3/13/2013 5:49:34 PM

Syria's war affects generation of children


Associated Press/Bilal Hussein - A Syrian boy Aref, 15, who fled his home from Hassakeh, makes a living by selling flowers in Beirut, Lebanon, Wednesday, March 13, 2013. Save the Children, which is providing humanitarian and relief in Syria and neighboring countries, called on all groups taking part in the conflict to allow unfettered, safe access to populations in need and to "ensure that everything is done to bring the fighting to an end." (AP Photo/Bilal Hussein)

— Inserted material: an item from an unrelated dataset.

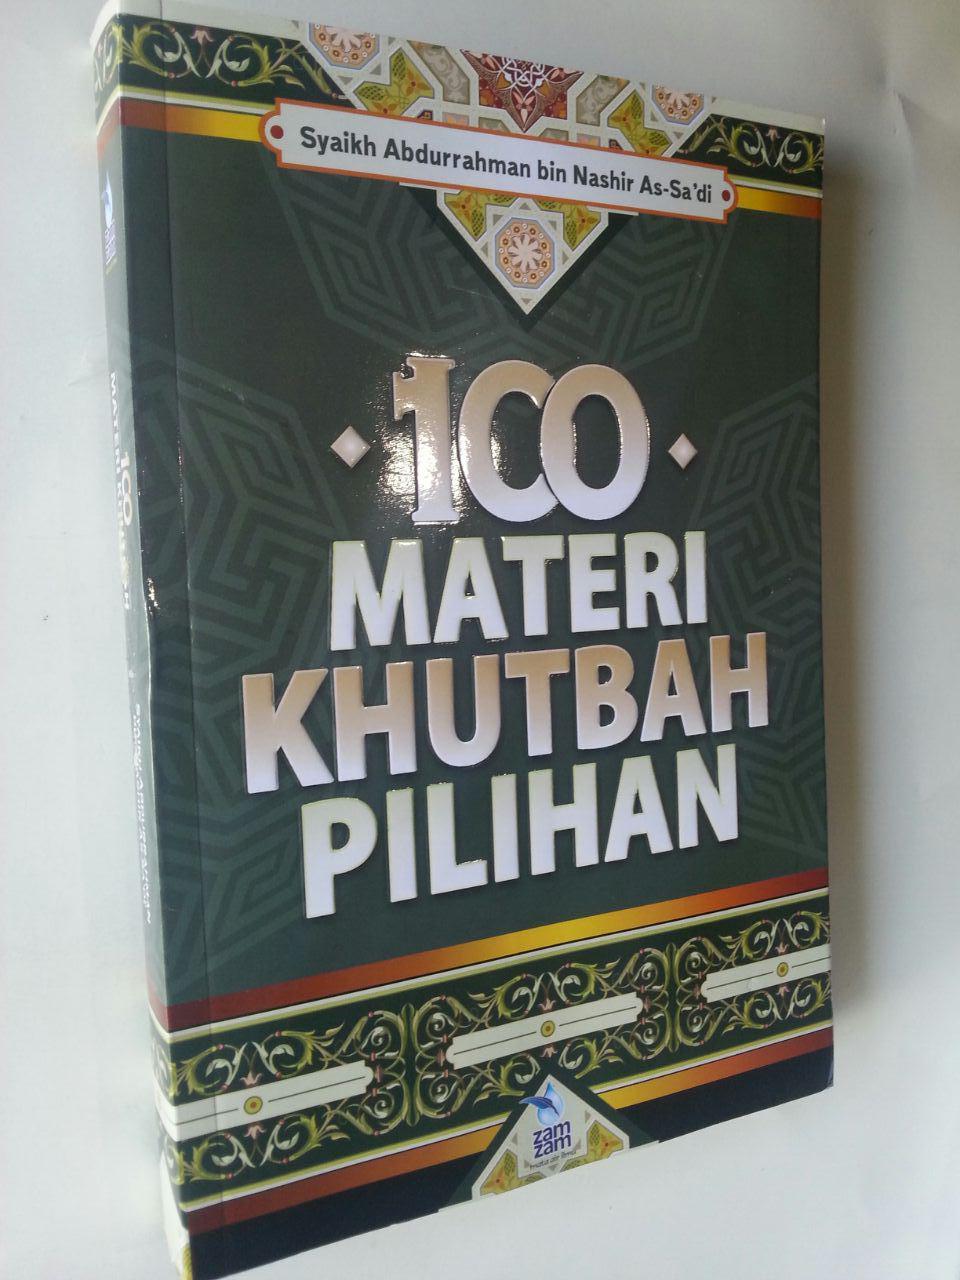 Buku 100 Materi Khutbah Pilihan cover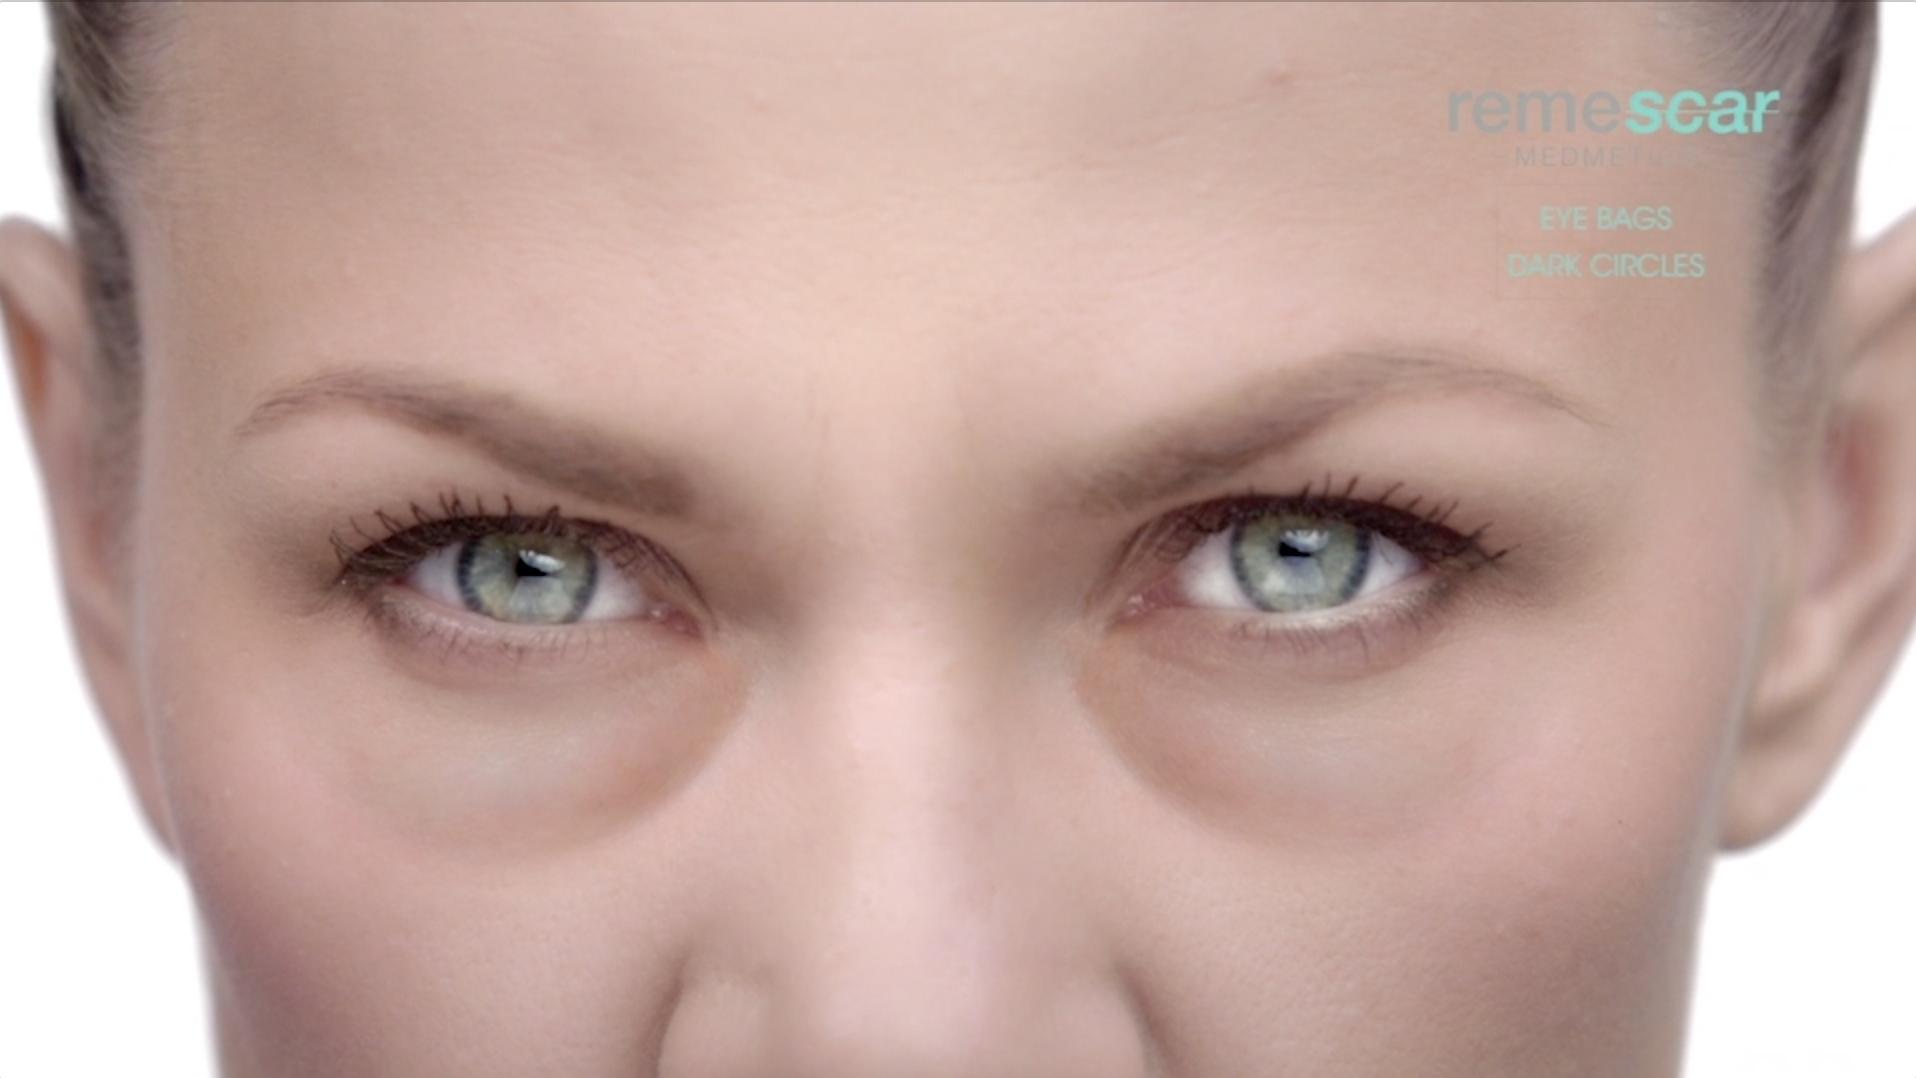 Remescar Eyebags 1

BEIRUT (AP) — Mohammed works at a Beirut supermarket where he waits on customers and carries their groceries home for a small tip that the 14-year-old saves to send later to his family in a village in northeastern Syria.

He is among hundreds of thousands of Syrian children who have dropped out of school and fled two years of conflict that have claimed the lives of more than 70,000 people.

He is also one of countless young Syrians now frequently seen wandering the streets of Beirut, pumping gas at stations and sometimes begging for money.

Aid groups warn that some 2 million children in Syria are facing, among other things, malnutrition, disease, early marriage and severe trauma as a result of the civil war.

To mark the second anniversary of the uprising against President Bashar Assad, the Britain-based charity Save the Children released a report Wednesday entitled "Childhood Under Fire." It says the conflict has left many children traumatized, unable to go to school and struggling to find enough to eat.

"I have to say I have been shocked and horrified by the stories that I've heard from the children here in Lebanon who fled from Syria," Justin Forsyth, chief executive of Save the Children, told The Associated Press at the group's offices in Beirut.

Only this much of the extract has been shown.